Este lunes por la tarde, Radcliffe, de Wyndham Street, Porth, compareció en Merthyr Crown Court por enlace de video desde el hospital de alta seguridad de Rampton en Nottinghamshire para declararse culpable del homicidio involuntario de John Rees por motivo de responsabilidad disminuida y tres cargos de intento de asesinato.  

Michael Jones, acusador, dijo que las súplicas eran aceptables para la corte porque estaba "profundamente enferma y enferma mentalmente" en el momento del ataque.  

"Esos motivos representan la evidencia fáctica y la evidencia psiquiátrica en este caso, es decir, en el momento material y actualmente, la señorita Radcliffe sufre de esquizofrenia”, señaló y agregó.  

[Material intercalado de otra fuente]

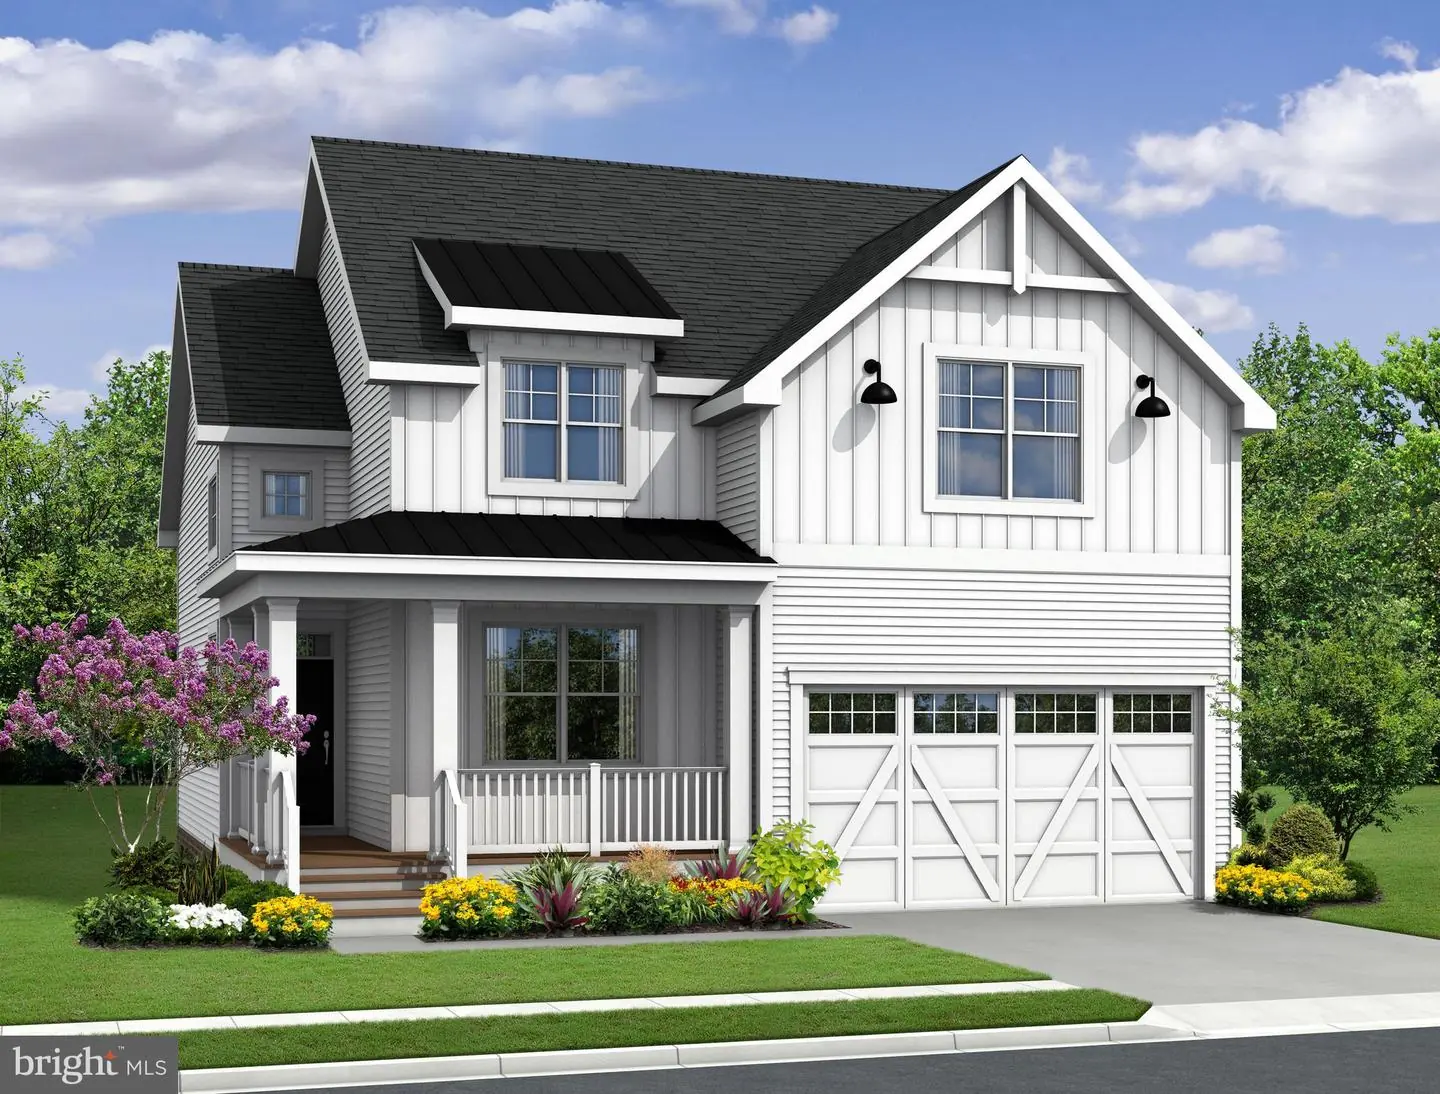 DESU2031440-801988062300-2022-11-02-11-01-29 Iris To-be-built Home Tbd | Millsboro, DE Real Estate For Sale | MLS# Desu2031440  - David T. King Realtor
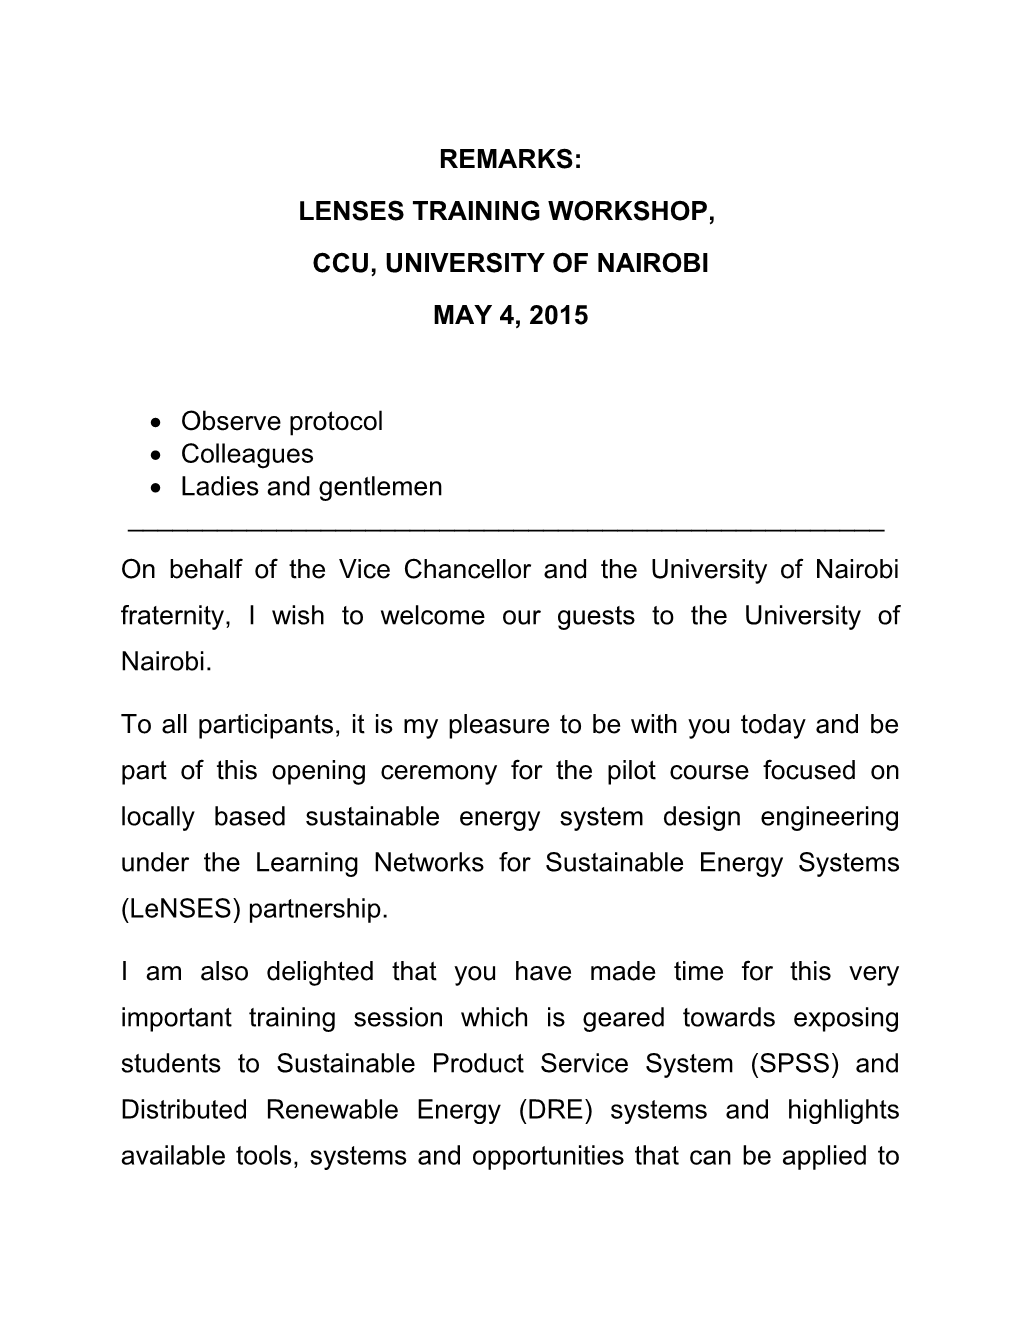 Lenses Training Workshop

"Esas alegaciones han sido consideradas con mucho cuidado por la fiscalía y los equipos policiales y reflejan la evidencia fáctica y la evidencia psiquiátrica en este caso y, por lo tanto, aceptamos esas alegaciones como ingresadas”, abundó.  

Radcliffe será sentenciado este miércoles en Merthyr Crown Court.  

John Rees vivía en el pueblo cercano de Trealaw con su esposa Eunice y era velador de la iglesia en All Saints Church.  

En un comunicado después de su muerte, su familia dijo: "John era la definición misma de un buen hombre, extremadamente respetado y querido en la comunidad. Estaba orgulloso de su familia, orgulloso de ser galés y devoto de la Iglesia de Todos los Santos. Todos lo extrañaremos terriblemente".